Standardized test in Colombia

The ICFES examination, or Saber 11, is a high school exit examination administered annually in grade 11 in Colombian high schools. The exam is standardized, similar to the SAT and ACT examinations taken by high school students in the United States. The purpose of the exam is to evaluate students' aptitude in five subjects: critical reading, mathematics, social studies, science, and English. Each exam question has four multiple-choice answers, except for the English section which provides between three and eight possible answers for each question.

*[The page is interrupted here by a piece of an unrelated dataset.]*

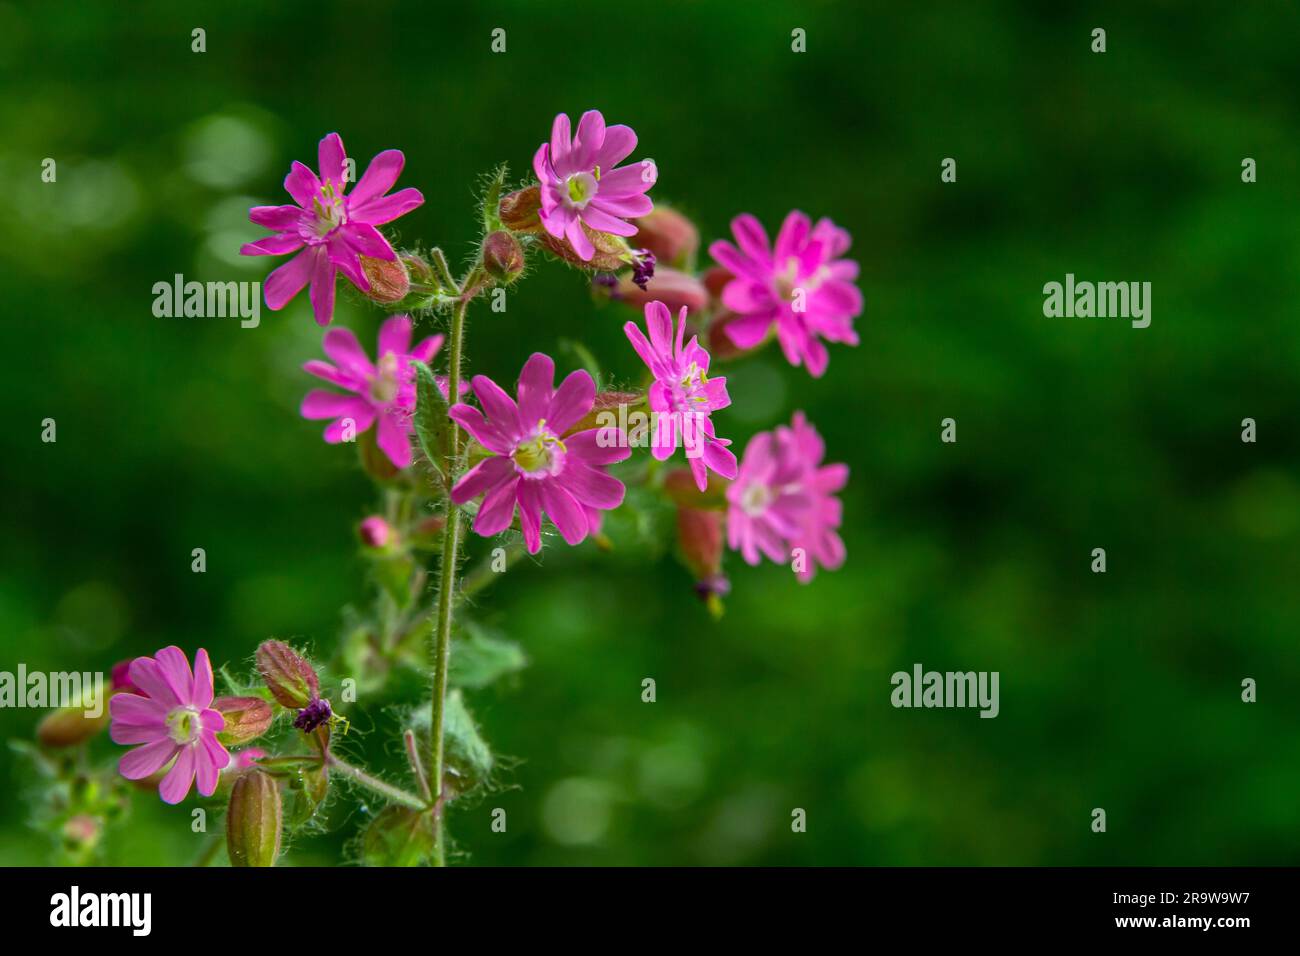 Silene dioica Melandrium rubrum, known as red campion and red catchfly, is a herbaceous flowering plant in the family Caryophyllaceae. Red campion. Stock Photo
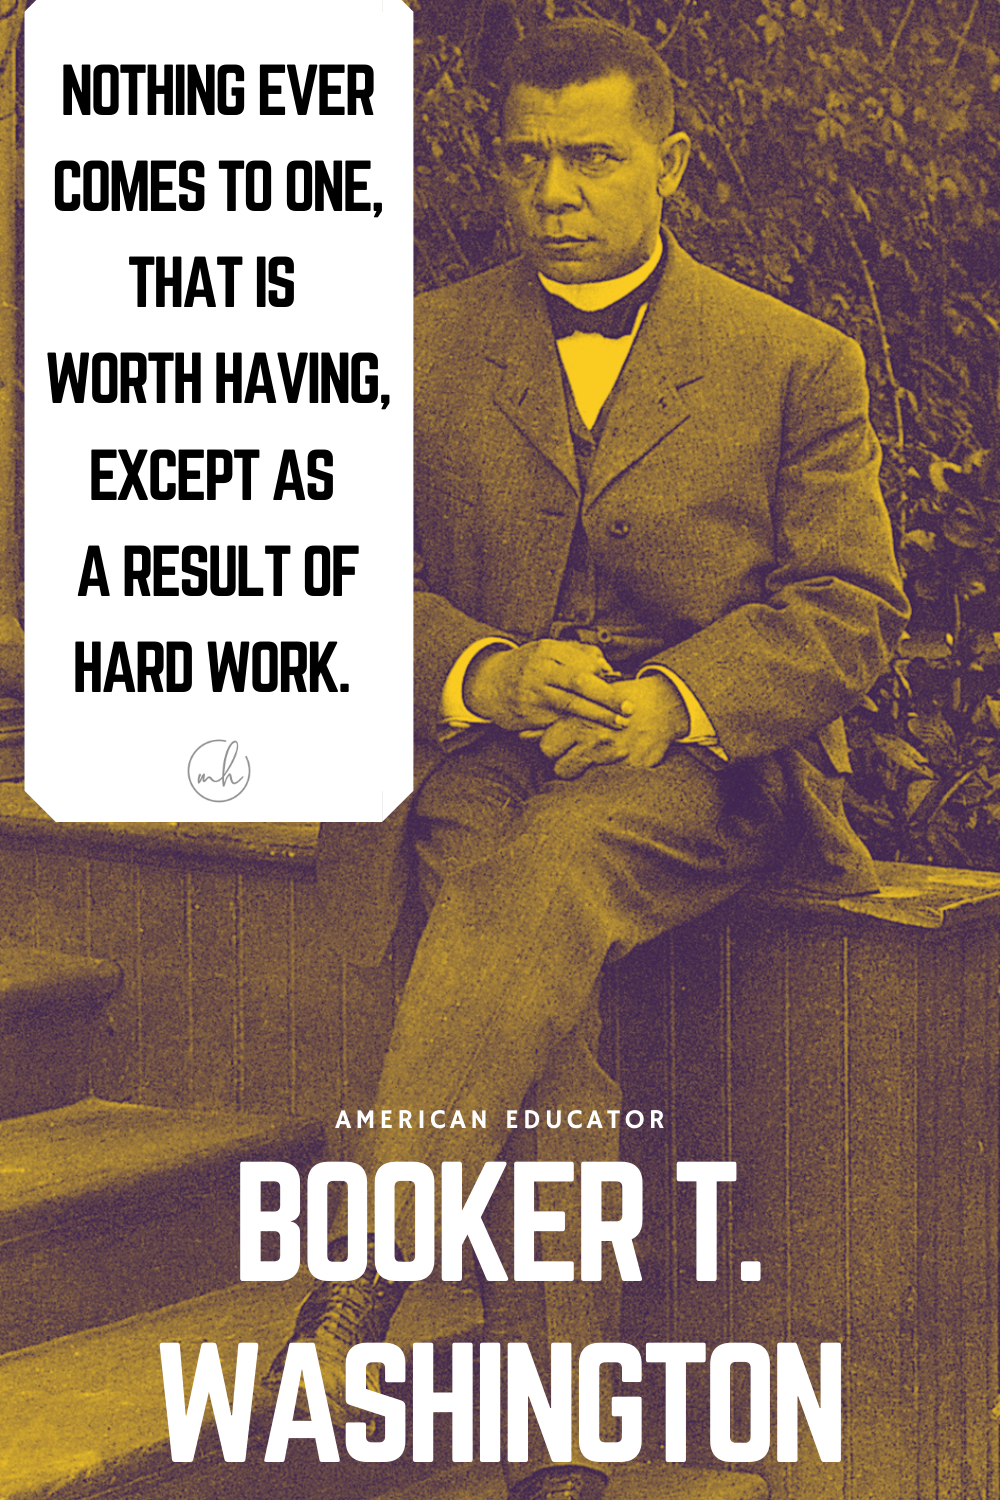 "Nothing ever comes to one, that is worth having, except as a result of hard work." - Booker T. Washington

Although the ICFES provides several tests for different academic purposes, the Saber 11 is nationally recognized as the most important test because it evaluates students' academic readiness for admission into institutions of higher learning.

== Purpose ==

The exam is usually taken by high school seniors, but students who have already obtained their diplomas and want to improve their scores can also take it. The examination is intended to measure basic academic skills that are needed for college success, such as critical reading, quantitative reasoning, civic skills, scientific reasoning, and proficiency in a second language.

ICFES, which stands for the Colombian Institute for the Evaluation of Education, is the institution in charge of the nationwide administration of the exam. The institute also uses the results for research purposes and public policy design for the improvement of secondary education throughout Colombia.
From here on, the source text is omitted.